Where Is Your Identity?
Stop looking at yourself in carnival mirrors. This is one plea from Paul Tripp’s new book, Dangerous Calling. Carnival mirrors give us a distortion of who we really are, and they’re everywhere we look.
This is especially true of the pastor or ministry leader who is tempted to stay locked in on the horizontal level. The danger is to mistake our work to be what defines us — to be so fixed on the “carnival mirror of ministry” that we buy as our true identity the twisted depiction it reflects. Paul Tripp explains:
[Full transcript]
You mention in your book, Dangerous Calling, that there are some leading indicators that spiritual blindness might be happening in the life of the pastor or ministry leader, and one of those themes that functions as a mechanism of spiritual blindness is when we let our ministry define our identity. What do you mean by this?
I like the metaphor in Scripture of the word of God being this perfect mirror that I look into and see myself as I actually am. What we tend to look into is carnival mirrors. They show me me, but they show me me with distortion, like the carnival mirror at the fair. I see myself, but there is distortion. This identity thing in ministry is one of those carnival mirrors.
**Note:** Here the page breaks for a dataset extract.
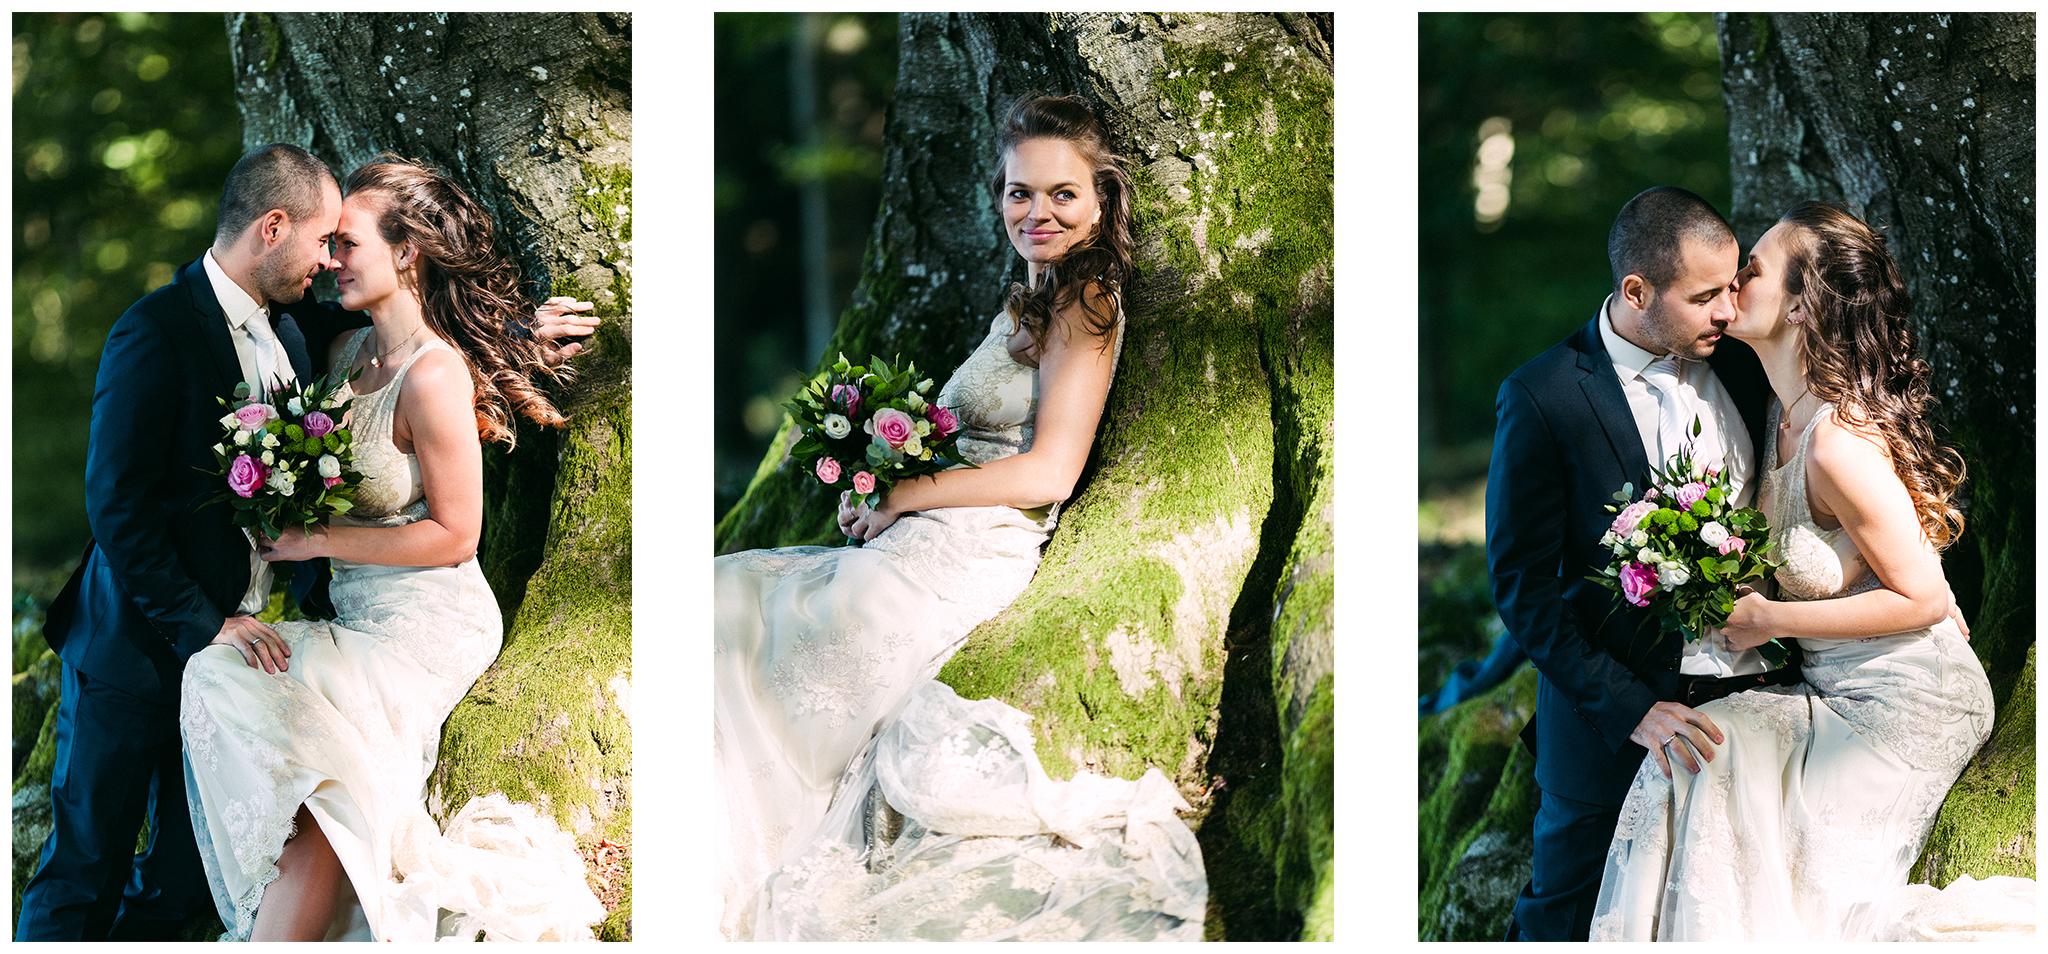 Esküvőfotós Vasmegye, Esküvő fotózás, Esküvői fotós, Körmend,Őrség, Balaton, Vas megye, Dunántúl, Budapest, Fülöp Péter, Jegyes fotózás, jegyes, Balaton, kreatívfotózás,Wien,Ausztira,Österreich,hochzeitsfotograf_ZSB_7.jpg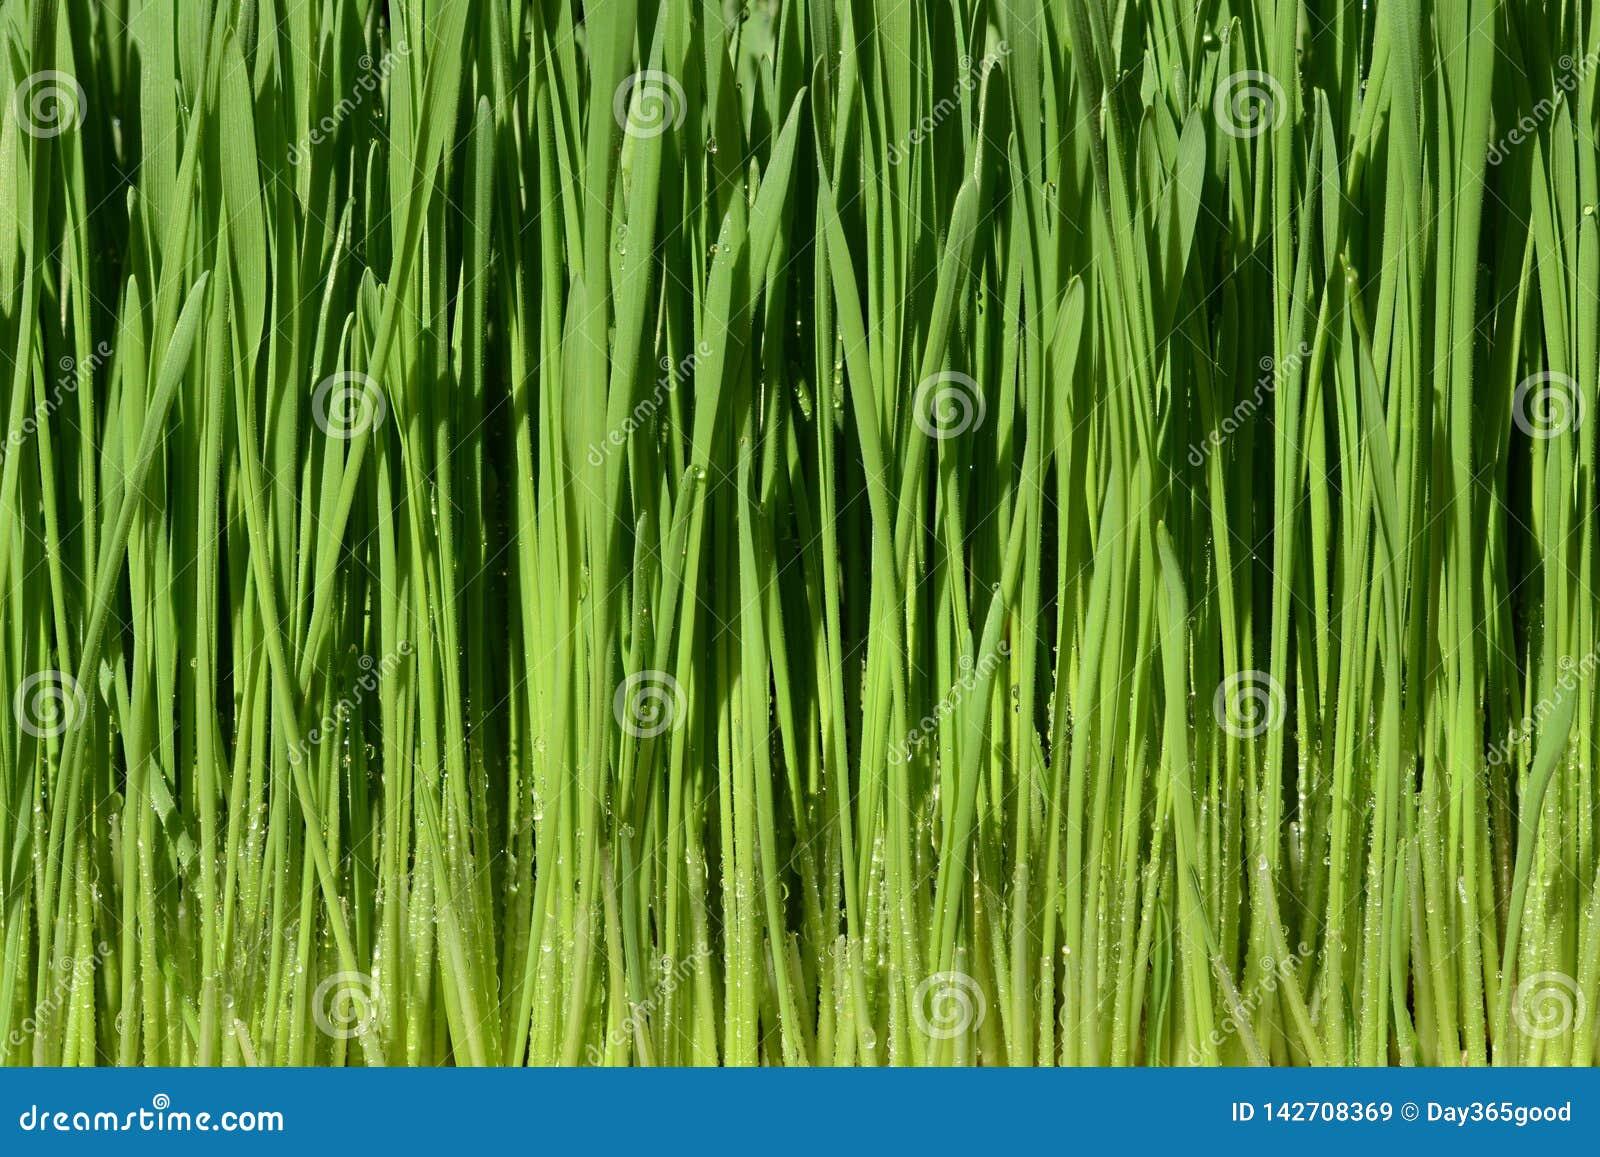 Groen tarwegras met waterdalingen

Here is where you see something that is a normal human struggle intensified by ministry. The normal human struggle is to look for identity horizontally when I was hardwired by God to get it vertically. I look for something in creation to define who I am, whether that is a marriage or my work or my athletic body or whatever that is. And ministry powerfully provides that: I am a knowledgeable public person, I am a carrier of the gospel of the Lord Jesus Christ. All of those things provide a sense of identity that is marvelously distorted.
I am not something because I am in ministry — *can I say this more powerfully? *— I am something because I am in Christ. Bottom line. And when I need ministry to be something, I have forsaken the gospel in the way that I am living. How can I forsake the gospel while being a minister of the gospel? It can't work. But it happened to me. I remember one of the first critical conversations I had with somebody at my young church I had planted. They said, “You think because you are a pastor that you are supposed to be an expert at everything.” He was right. I had to be the smartest. I had to be the best. I had to be “fill in the blank.” Because ministry was defining me. And it is a mess. It just can never work.
You mentioned faith can become our professional calling and how horrible that is. Yet, being a pastor is a pastor's job. How does he walk that line?
One of the places where I've talked about this specifically is when a pastor is preparing a sermon. For every sermon prepared there should be a devotional interlude where I stop and I say, “God, reveal to me what of me you want to expose by this passage. What of you that I need to see that I am not seeing.”
I am stopping and pushing this through me because I am telling myself “I am not this person who is totally okay and the reason I am in ministry is because ‘I am okay’ and I am going to give this to people who are obviously not okay.” It is once again me telling myself “it is impossible for me to preach anything that I do not desperately need myself.” And that devotional interlude is an absolute habit, commitment for me. I think it is very, very important that I always stop and do that in my preparation.